# Youtube Channel Statistic Analysis

Here we will analyze all the data that we collected from the youtube data API.

## Necessary Imports

Here we will import necessary libraries.

In [None]:
import pandas as pd
import matplotlib.pyplot as plt

## Import Data from Data Files

Here we will import the data from the csv files in the data directory of our project and save it to dataframes.

In [None]:
channelStatistics = pd.read_pickle('../data/channelStatistics.pkl')

videoStatistics = pd.read_pickle('../data/videoStatistics.pkl')

In [None]:
channelStatistics.info()

In [None]:
videoStatistics.info()

As mentioned when cleaning the data, since we are still able to run operations such as sum() on a column that contains numpy NaN's, we will not be dropping these rows (videos) as they will not hinder our data analysis.

# Average Views Per Video

Here we will analyze the average number of views per videos which will give us a broad idea of how the channels video's perform.

In [None]:
channelStatistics['averageViewsPerVideo'] = channelStatistics['viewCount'] / channelStatistics['videoCount']

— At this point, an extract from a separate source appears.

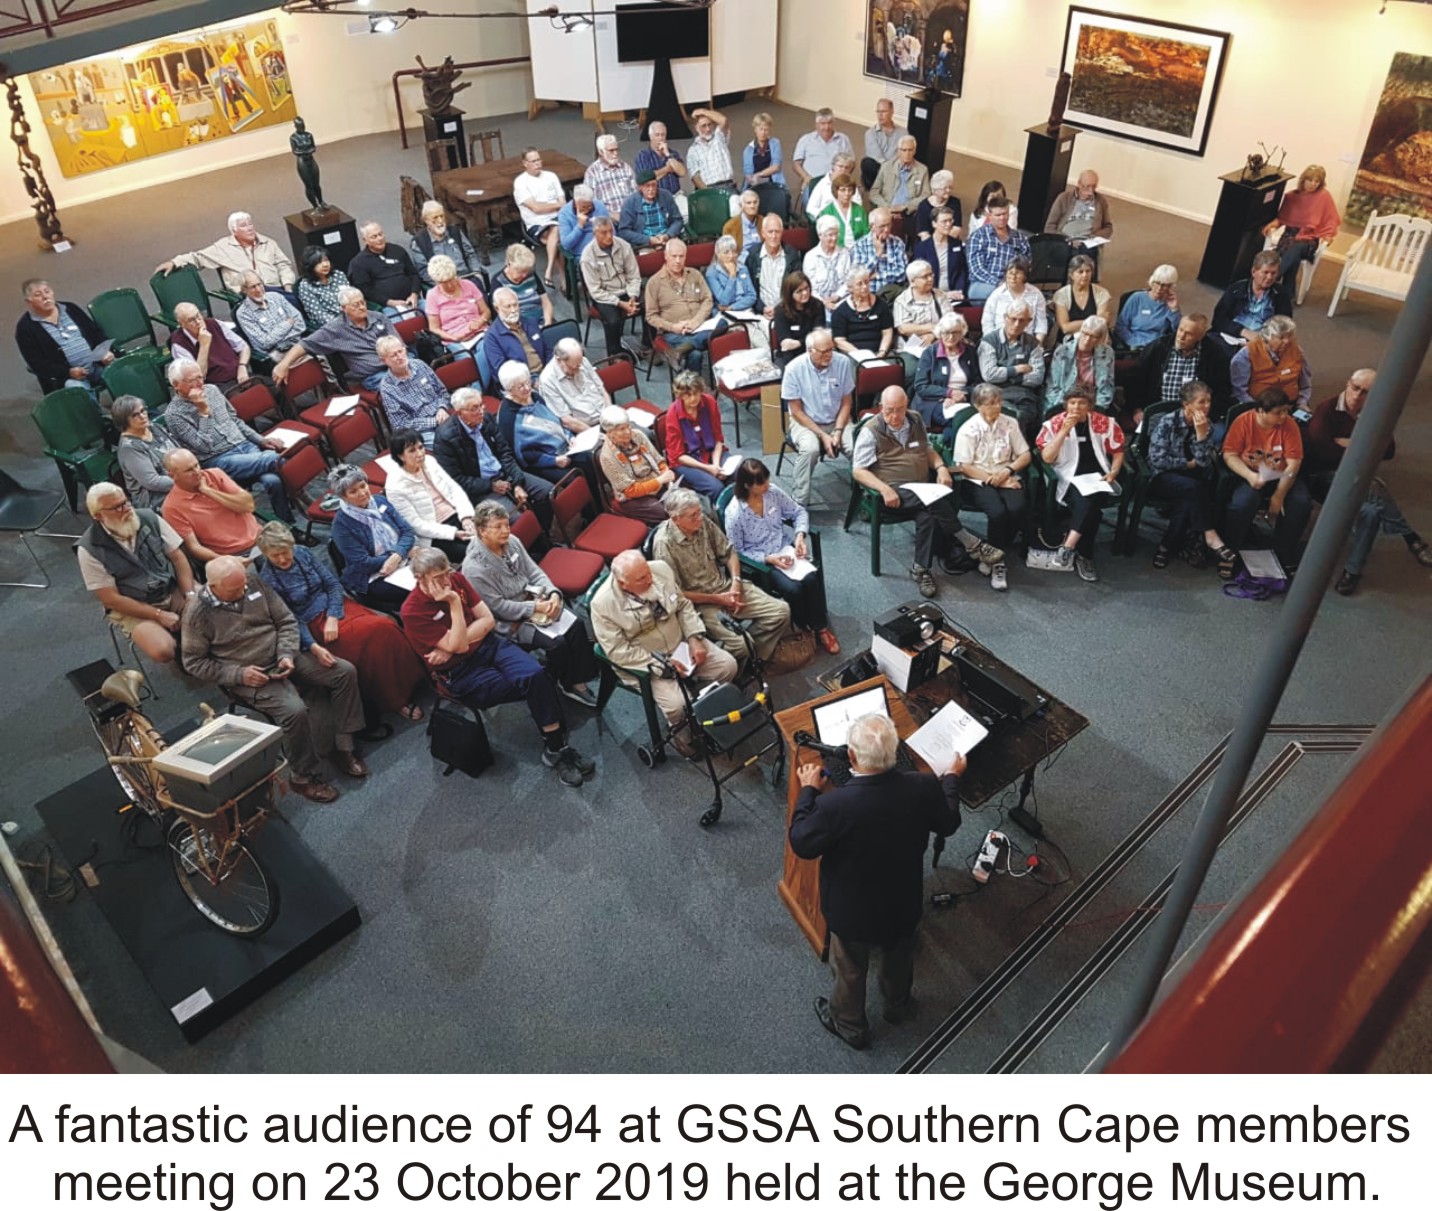 Fantastic audience of 94 at GSSA Southern Cape members meeting on 23 October at the George Museumjpeg

averageViewsPerVideoDf = channelStatistics[['channelName', 'viewCount', 'videoCount', 'averageViewsPerVideo']].sort_values(by='averageViewsPerVideo', ascending=False)

averageViewsPerVideoDf


Now we will plot this average on a graph where the x axis will be the video count and the y axis will be the view count.

In [None]:
plt.figure(figsize=(10,6))
plt.scatter(averageViewsPerVideoDf['videoCount'], averageViewsPerVideoDf['viewCount'], alpha=0.7)
plt.xlim(left=0)
plt.ylim(bottom=0)
plt.title('View Count vs Video Count')
plt.xlabel('Video Count')
plt.ylabel('View Count in Millions')

locs, labels = plt.yticks()
new_tick_locations = locs / 1e6
new_tick_labels = ['{:.0f}'.format(loc) for loc in new_tick_locations]
plt.yticks(ticks=locs, labels=new_tick_labels)

plt.show()

# Subscriber Engagement

Here we will be analyzing the subscriber engagement through comparing the relationship between subscriber count and view count for each channel.

Therefore we will create a new metric called subscriber engagement that will be given by the ratio: view count / subscriber count.

That way, if the channel has:

many subscribers and many views -->  the channel will have average subscriber engagement
few subscribers and many views -->  the channel will have high subscriber engagement
many subscribers and few views -->  the channel will have low subscriber engagement
few subscribers and few views -->  the channel will have average subscriber engagement

We will create a new dataframe that contains the name of the channel and its corresponding subscriber engagement. It will be ordered by decreasing subscriber engagement.

In [None]:
channelStatistics['subscriberEngagement'] = channelStatistics['viewCount'] / channelStatistics['subscriberCount']

subscriberEngagementDf = channelStatistics[['channelName', 'viewCount', 'subscriberCount', 'subscriberEngagement']].sort_values(by='subscriberEngagement', ascending=False)

subscriberEngagementDf

After that, we will plot the different subscriber engagments in a graph that contains the subscriber count on the x axis and the view count on the y axis.

In [None]:
plt.figure(figsize=(10,6))
plt.scatter(subscriberEngagementDf['subscriberCount'], subscriberEngagementDf['viewCount'], alpha=0.7)
plt.xlim(left=0)
plt.ylim(bottom=0)
plt.title('View Count vs Subscriber Count')
plt.xlabel('Subscriber Count')
plt.ylabel('View Count in Millions')

locs, labels = plt.yticks()
new_tick_locations = locs / 1e6
new_tick_labels = ['{:.0f}'.format(loc) for loc in new_tick_locations]
plt.yticks(ticks=locs, labels=new_tick_labels)

plt.show()